Trying to replicate that behavior: starting VS Code with the Terminal visible, and running the cells described above, did not yield what I'd hoped. At this time nothing I do results in a successful chart being displayed. I receive a net::ERR_FAILED every time I run the second cell.

ddrinka avatar Sep 15 '22 17:09 ddrinka

A race condition exists between the backend Tornado server starting up and the port being forwarded, to making the first HTTP request. Re-running the cell repeatedly either results in a chart being displayed or no chart being displayed.

Do I understand correctly -

  1. A Tornado server is set up somewhere on the remote
  2. Automatic port forwarding kicks in to forward that port
  3. The forwarded port is accessed from the notebook renderer

But the race is in forwarding that port before the renderer needs it? Is that what you think is happening @DonJayamanne?

If you can set a static port, you could probably forward it with forwardPorts in your devcontainer.json and that could help with the race.

roblourens avatar Sep 16 '22 14:09 roblourens

I'll test with a static port.

Notably I'm not getting a connection timeout error as that port comes online. I'm getting this net::ERR_FAILED in the service worker. I don't have an understanding of how the magic works with the port forwarding, so maybe that's the error that would be expected if no port was open, but usually for an HTTP connection I'd expect some timeout time that would give that port a few hundred milliseconds to arrive.
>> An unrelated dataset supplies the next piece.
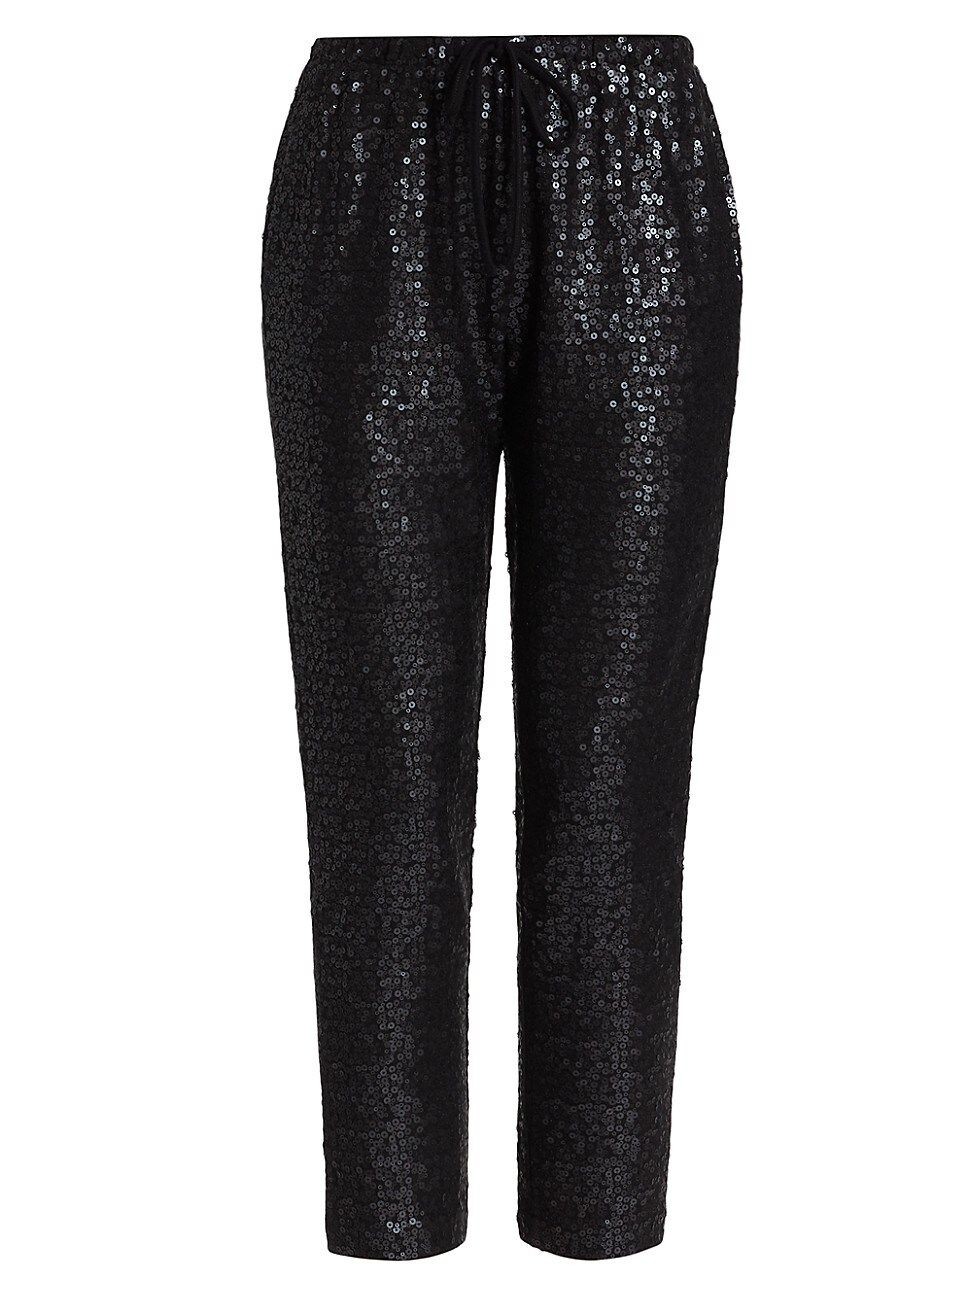 Women's Oxford Sequin Pants - Black - Size Small | Saks Fifth Avenue

ddrinka avatar Sep 16 '22 16:09 ddrinka

Today I'm not able to replicate the race condition, so I can't tell if the static port helps... It's not a great long term solution though because there may be many apps created in a notebook and managing the port numbers, shutting down the existing applications, etc would really limit the notebook experience.

The requirement to create an app and bind it to a port in the first place is a workaround for the inability of Bokeh/Holoviews to communicate back through the IPython Proxy or whatever in the first place. The following should "just work", and does on a Jupyter instance running directly in the VS Code Terminal with no additional ports forwarded: image This renders but the interactivity doesn't work in VS Code.

Here's the channel that was created on Jupyter Lab: image

It seems like there are a few outstanding issues logged for Bokeh and VS Code. I can create a new one for the above behavior if that would be helpful.

ddrinka avatar Sep 16 '22 16:09 ddrinka

But the race is in forwarding that port before the renderer needs it? Is that what you think is happening @DonJayamanne?

Yes.

DonJayamanne avatar Sep 20 '22 01:09 DonJayamanne

The following should "just work", and does on a Jupyter instance running directly in the VS Code Terminal with no additional ports forwarded:

@ddrinka I'm assuming you are still running all of this in WSL. Is that right?

cate the race condition, so I can't tell if the static port helps... It's not a great long term solution

Understood.

@alexr00 Any idea what we can do here. Basically there seems to be a race condition here. The port forwarding seems to happen after the webview attempts to access the port.

DonJayamanne avatar Sep 20 '22 01:09 DonJayamanne

If a webview needs the port then the owner of the webview should call asExternalUri to cause it to be forwarded. Automatic port forwarding is a user facing feature and works by polling, with a potentially non-constant polling frequency depending on the speed of the machine. Because of this, it's not safe to rely on automatic port forwarding for programmatic access to forwarded ports.

alexr00 avatar Sep 20 '22 11:09 alexr00

@DonJayamanne yes, this is all WSL.

@alexr00 understood. That polling interval sounds exactly like the cause of the trouble.

I'm out of my depth with all these internals but I'm happy to open an issue with Bokeh regarding their webview utilization.

While the experts are looking at this, and if you'll forgive my hijacking, can you provide any advice for Bokeh to solve the proxy communication issue that leads to this requirement for opening additional ports in the first place?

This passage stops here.